We need to know everything that happened leading up to Diane feeling unwell. Details that may not have seemed relevant before are all of a sudden critical. It turns out that Andrew had recently built them a vegetable garden in their backyard and their neighbor had given them some plants and herbs to get started. The day Diane got sick, Andrew had surprised her by preparing a fresh salad for lunch. He proudly picked some kale from the garden and sprinkled it into their salad. Diane recalls the kale was quite bitter, but they had been so excited to be eating their own vegetables from their own garden that she finished the whole bowl.
Hours later, her symptoms started and they couldn't think of anything else that was different in their routine. That leaves us wondering, was that really kale or did they eat some other plant? Well, there is only one way to find out.
The medical team asked one of Diane's family members to go to their garden and take samples of each of the plants in the garden and bring it back to the hospital. In the meantime, they did more blood work, this time looking for toxic ingestions. Shockingly, both Diane and Andrew had high levels of a cardiac medication called digoxin in their blood. You might recall that digoxin was actually on our list of potential medications that can cause heart block, but we dismissed it because she wasn't on any medications or any supplements. How did this happen?
It turns out the "kale" that Andrew picked from their garden was actually a plant called foxglove, and that's the plant that the medication digoxin is made from. It's like they say. The dose makes the poison because a little bit can be an excellent treatment, whereas a lot is extremely toxic.
But I bet those of you who know your plants well are probably wondering how do you confuse foxglove with kale because foxglove has these beautiful purple flowers. Well, as I've since learned, the plant doesn't flower in its first year and there are a bunch of different types of kale, some of which look much more similar to foxglove.

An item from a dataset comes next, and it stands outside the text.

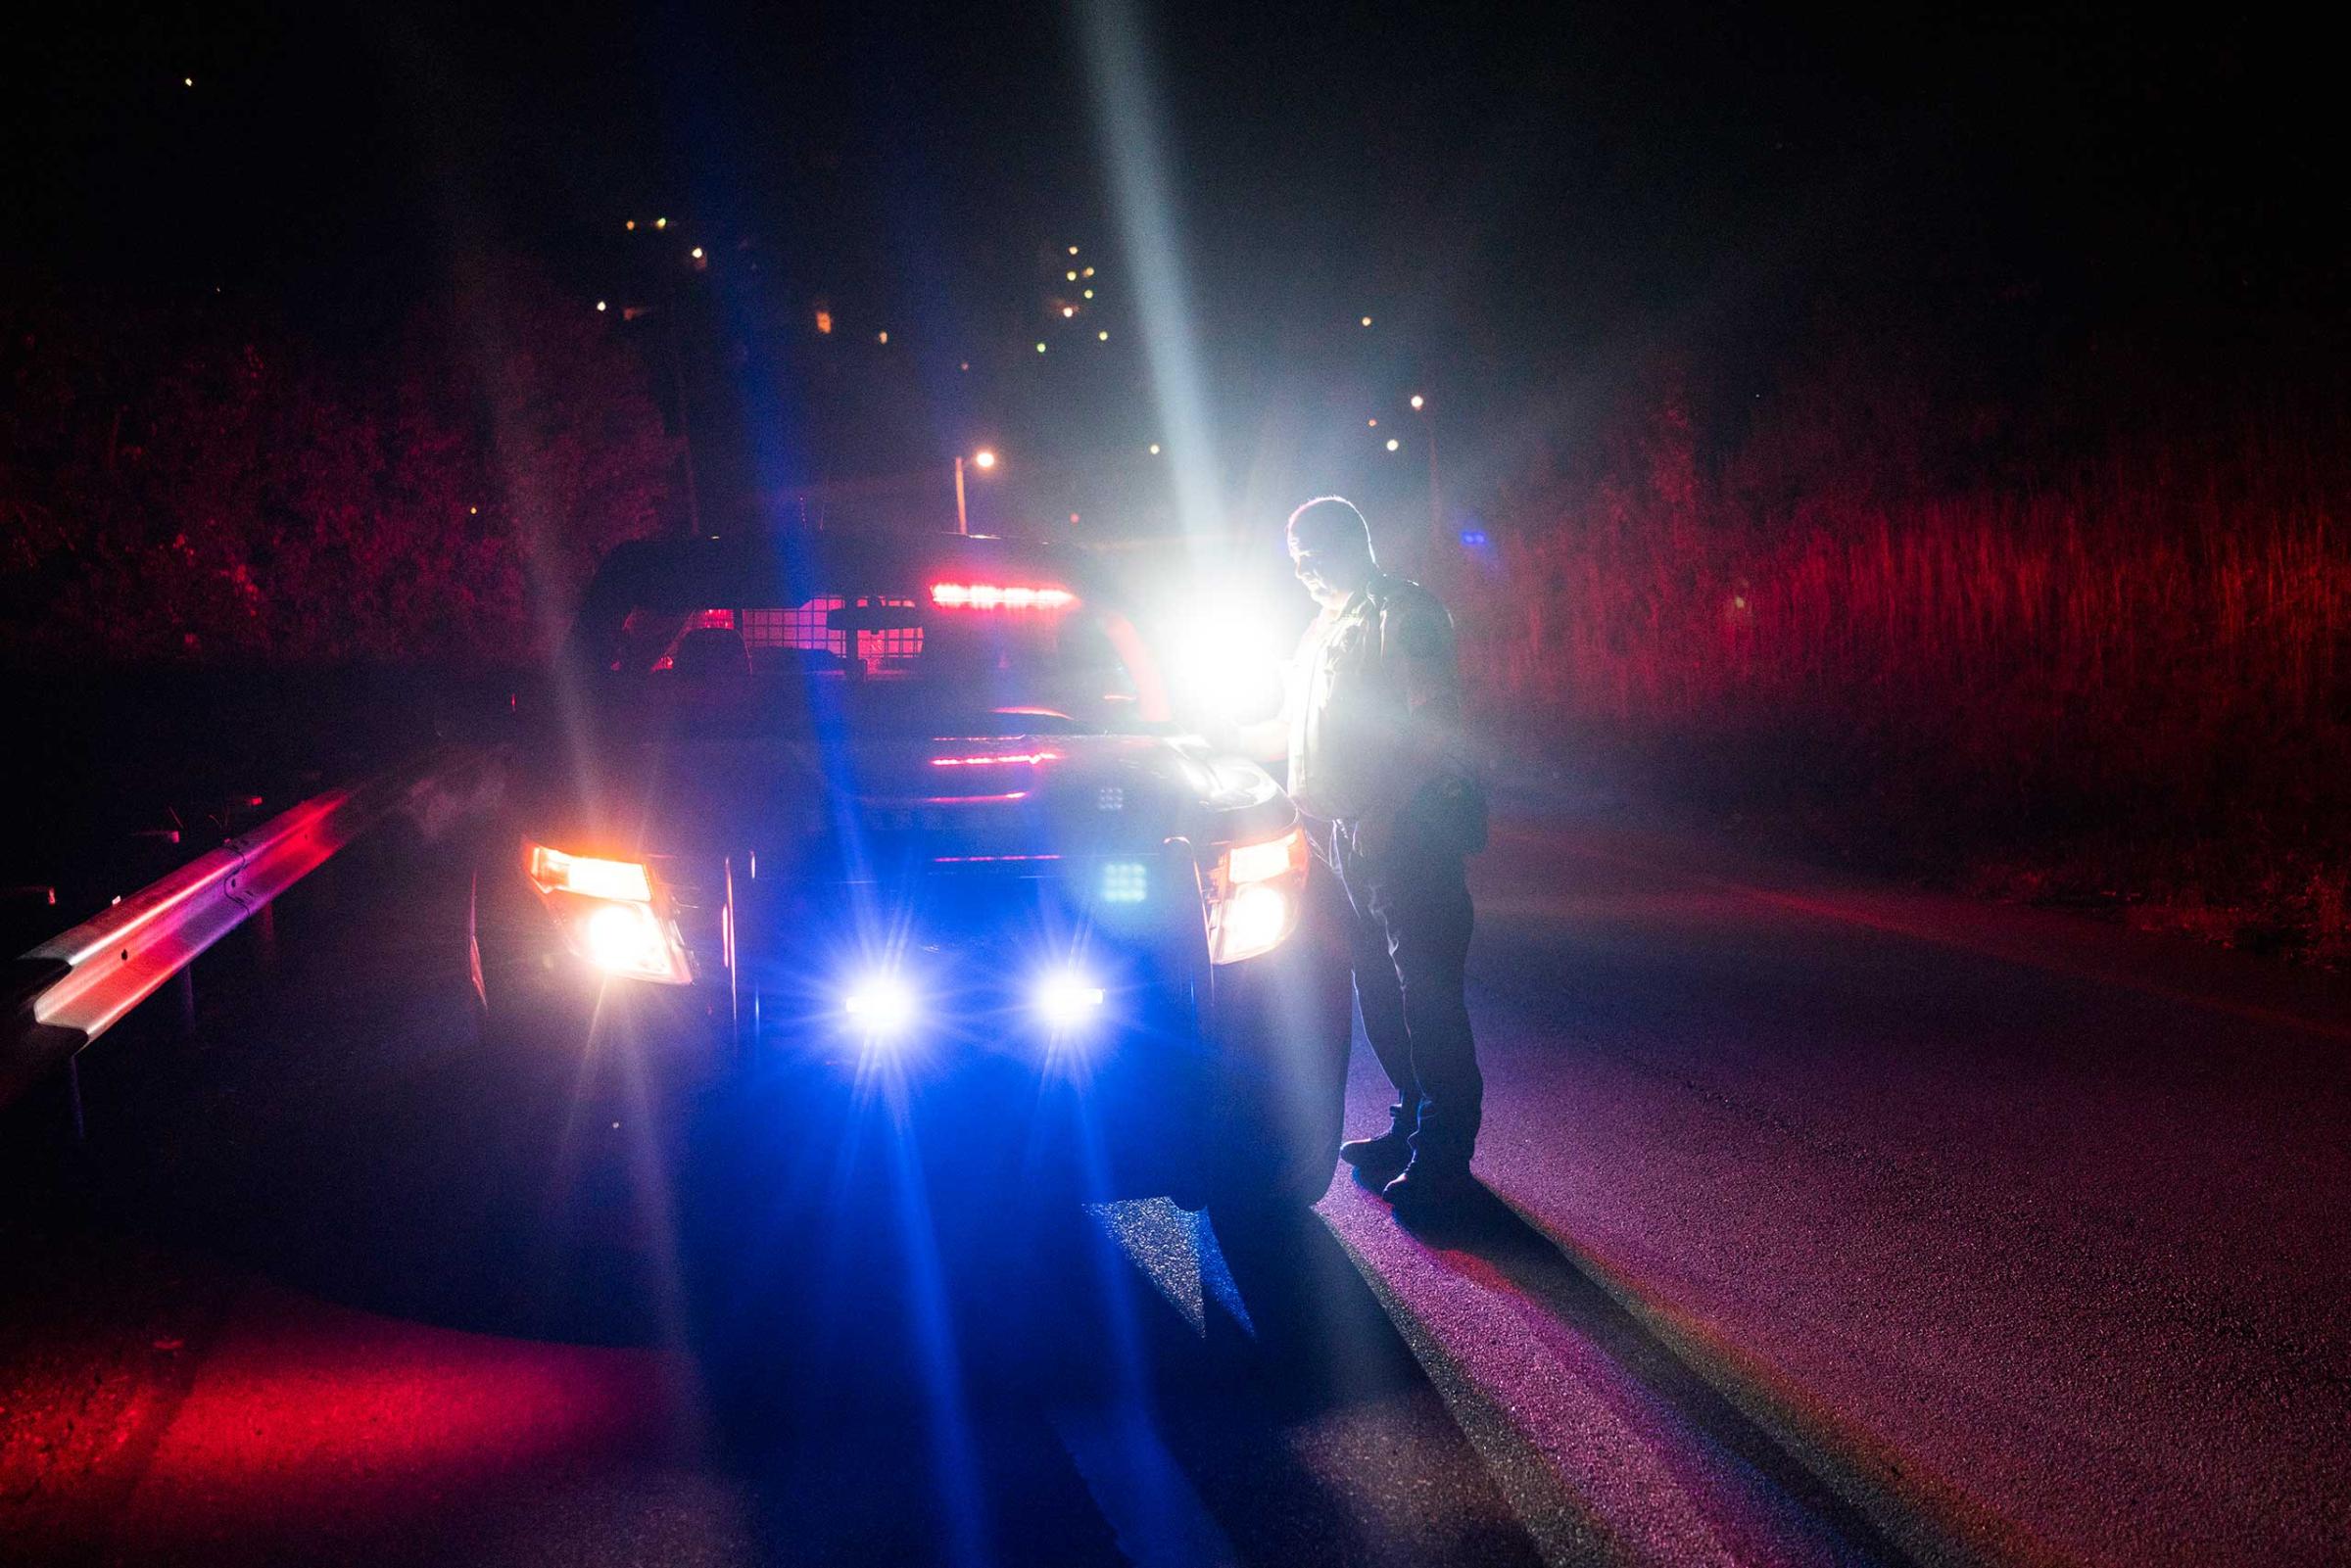 An East Liverpool police officer stands near his vehicle during a possible drug stop on the highway on Oct. 8, 2016. Police said many drug users have a Driver’s ID from one state and plates from another since East Liverpool is right on the border between Ohio, Pennsylvania and West Virginia. Drug offensives are much more severe in the latter, so many prefer to be caught and charged in Ohio.
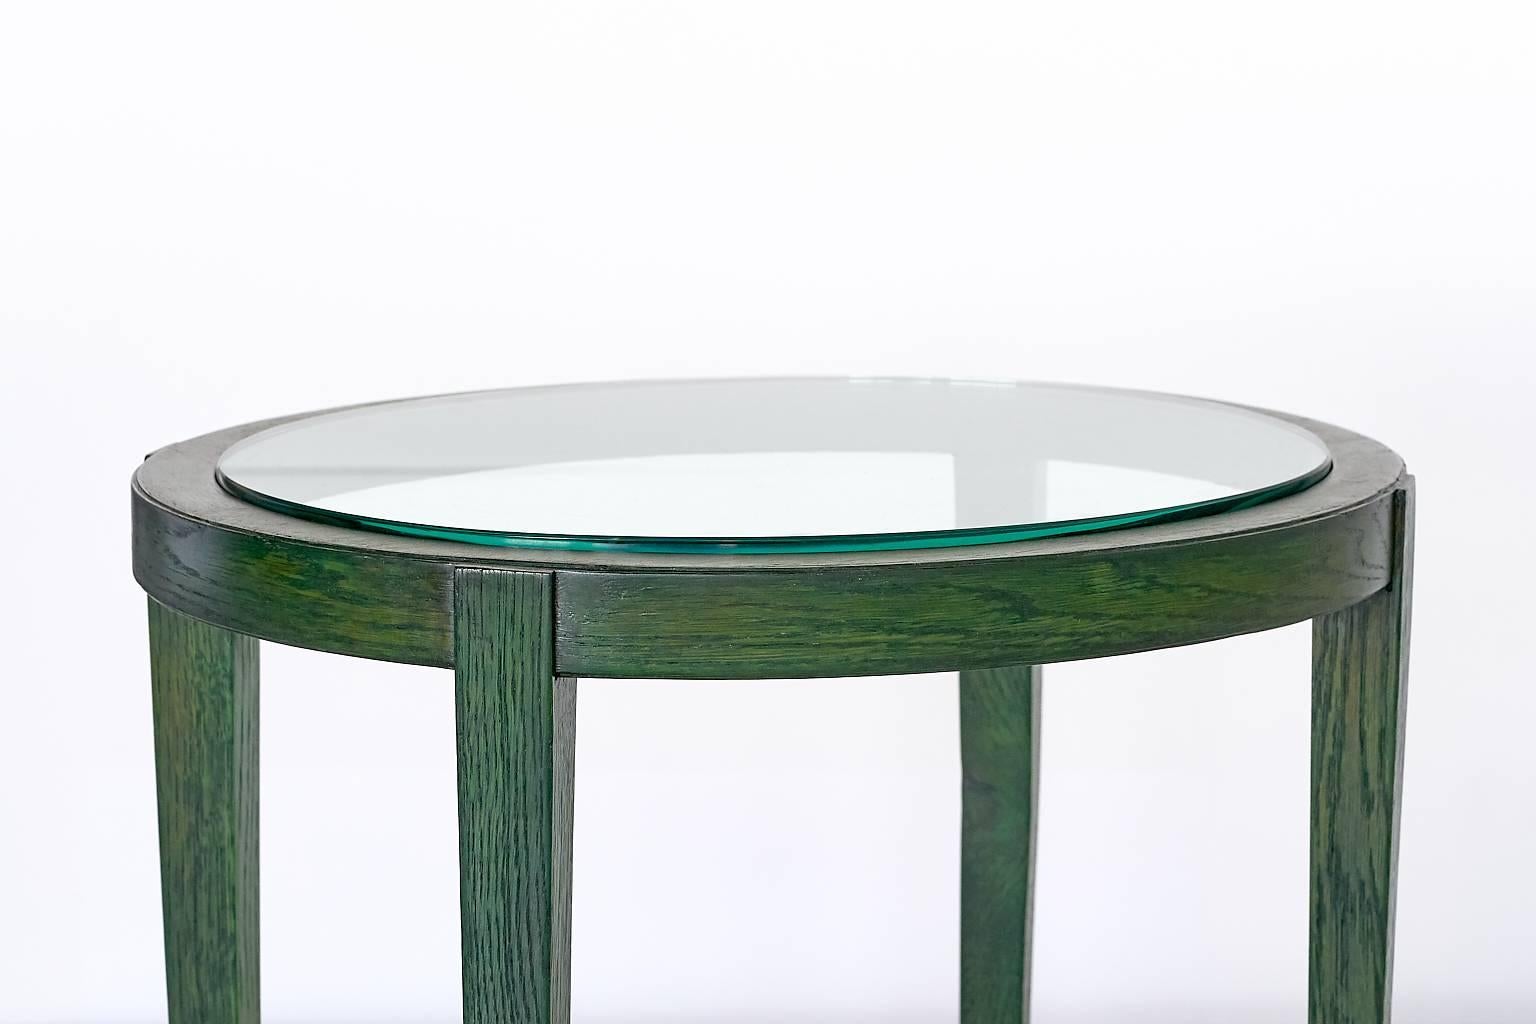 Pair of Green Italian Art Deco Side Tables Designed for a Florentine Residence 1

Now it all makes sense. Weakness, nausea, vomiting, abdominal pain, chest pain, heart block -- all of it can be explained by cardiac glycoside toxicity. Plus, on further questioning, both Diane and Andrew had had subtle vision changes that they hadn't mentioned. They were seeing yellow halos around objects and lights, perhaps something like these paintings by Vincent van Gogh. Get this, van Gogh was likely treated with foxglove by his doctor and many people believe that changed the way that he could see colors. It's probably why he became obsessed with painting the color yellow.
OK, back to Diane and Andrew. Now that we have the diagnosis, they can get treatment and they were given the antidote called Digibind [digoxin immune fab]. As the name suggests, it binds digoxin and deactivates it. Within an hour of receiving the antidote, they started feeling better. But it took a few days and a total of 12 vials of the antidote for their symptoms to completely resolve. Their heart rhythm returned to normal, their vision returned to normal, and they were discharged home to rethink their garden and probably have a conversation with their neighbor who gifted them those plants.
The moral of the story is they got lucky, especially Diane. I mean, I just wish she had come into the hospital sooner rather than waiting 3 days at home with chest pain, palpitations, and nausea. Just remember, women in particular can have atypical symptoms when they are having a heart attack and this can delay their diagnosis. Don't ignore chest pain or other symptoms that come on when you exert yourself. It's always better to be safe and come in to get checked out.
Siobhan Deshauer, MD, is an internal medicine specialist in Toronto. Before medicine, she was a violinist, which is why her YouTube channel is called Violin MD.